Enfin, l'ancien député Barreras a cherché à se séparer du gouvernement de gauche de Gustavo Petro, dont il faisait partie en tant que ministre de l'Intérieur. Il a également insisté sur la récupération des investissements dans le secteur : « Nous avons cessé de recevoir des revenus compris entre 40 et 50 % de la collecte en raison d'un manque de confiance, c'est pourquoi nous ne pouvons pas faire confiance aux extrêmes », a-t-il déclaré.

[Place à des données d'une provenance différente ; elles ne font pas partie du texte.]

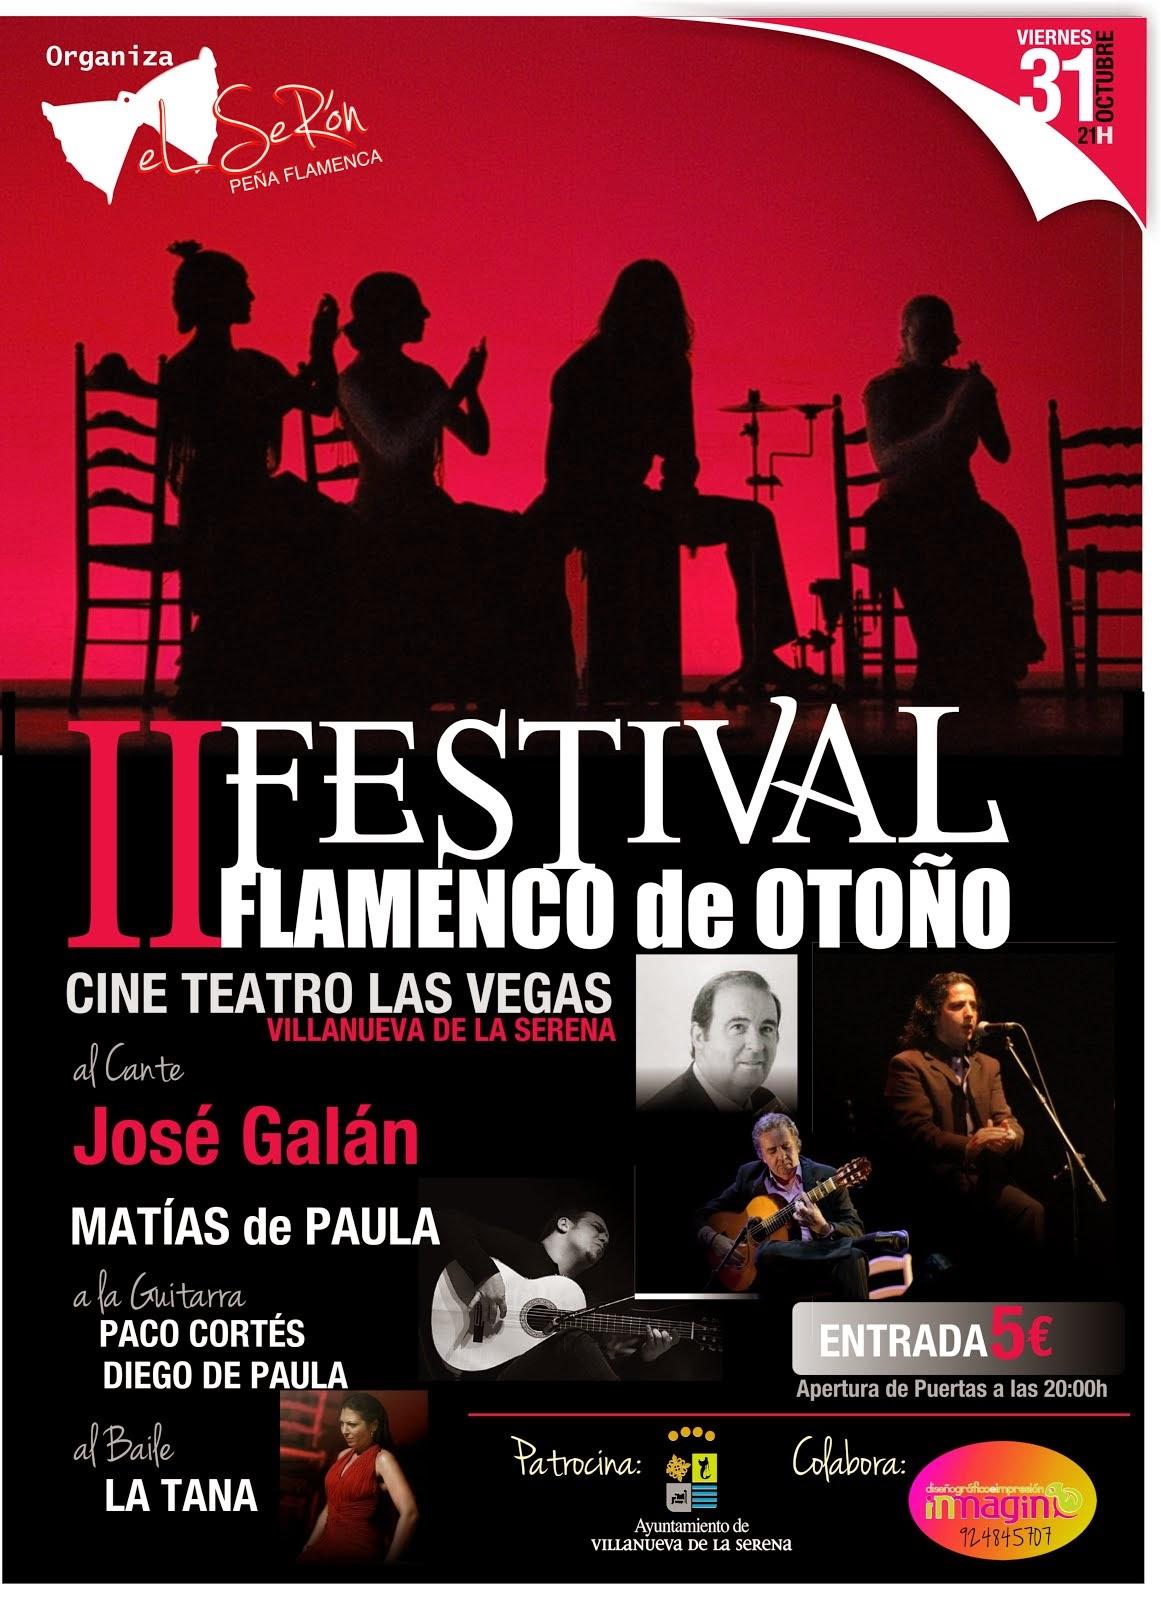 Festival Flamenco de Otoño

L'un des points centraux de la discussion a été la sécurité énergétique, qui a marqué l'agenda médiatique au cours des quatre dernières années en raison des fortes tensions entre le Gouvernement et les associations qui ont critiqué les décisions de l'Exécutif dans sa recherche de solutions à la crise due au coût élevé des factures d'énergie sur la côte caraïbe. Lors du forum, le président du syndicat des prestataires de services publics Andesco, l'ancien sénateur Camilo Sánchez, a pris ce poste de porte-parole. « J'ai été très heureux de voir qu'ils donnent la priorité au budget du Gouvernement national pour payer la dette d'Aire ; nous voyons l'importance de la concurrence entre le public et le privé ; les subventions sont nécessaires, mais la priorité est le paiement de la dette d'Aire ; les candidats sont intéressés à travailler avec les hommes d'affaires et ne les considèrent pas comme des ennemis », a-t-il expliqué.

« La Colombie a suffisamment de pétrole et de gaz en réserve », a déclaré l'ancien ministre Frank Pearl, président de l'Association colombienne du pétrole et du gaz. L’ancien négociateur de paix a également défendu qu’il existe aujourd’hui la technologie nécessaire pour extraire le pétrole grâce à la technique de fracturation hydraulique sans nuire aux écosystèmes. « En outre, la Colombie dispose du cadre juridique, du cadre institutionnel et d'un ensemble d'exigences environnementales parmi les plus exigeants au monde ; nous pouvons réaliser les projets pilotes qui ont été proposés pour voir où et comment explorer les gisements non conventionnels », a-t-il indiqué. « Celui qui remportera la présidence ne peut pas penser à partir d'idéologies mais plutôt à ce qui est le mieux pour les familles colombiennes : du pétrole et du gaz bon marché qui abonde sur notre territoire », a-t-il ajouté.

Pour sa part, Alejandro Castañeda, président de l'Association Nationale des Entreprises de Production d'Andeg, a de nouveau mis en garde contre les risques qui menacent le pays d'ici 2027 : « La conclusion que nous avons tous est qu'il y a un problème du point de vue du manque de ressources, du phénomène El Niño, du manque d'autosuffisance en gaz », a déclaré qui a insisté sur les risques de pannes massives pour 2027 si la crise qui se profile n'est pas reçu un traitement en temps opportun.

En fin de compte, la réconciliation avec le monde des affaires, les divisions idéologiques avec le gouvernement actuel et l'exploitation minière illégale ont marqué un débat qui s'est déroulé au milieu des railleries contre les rivaux absents.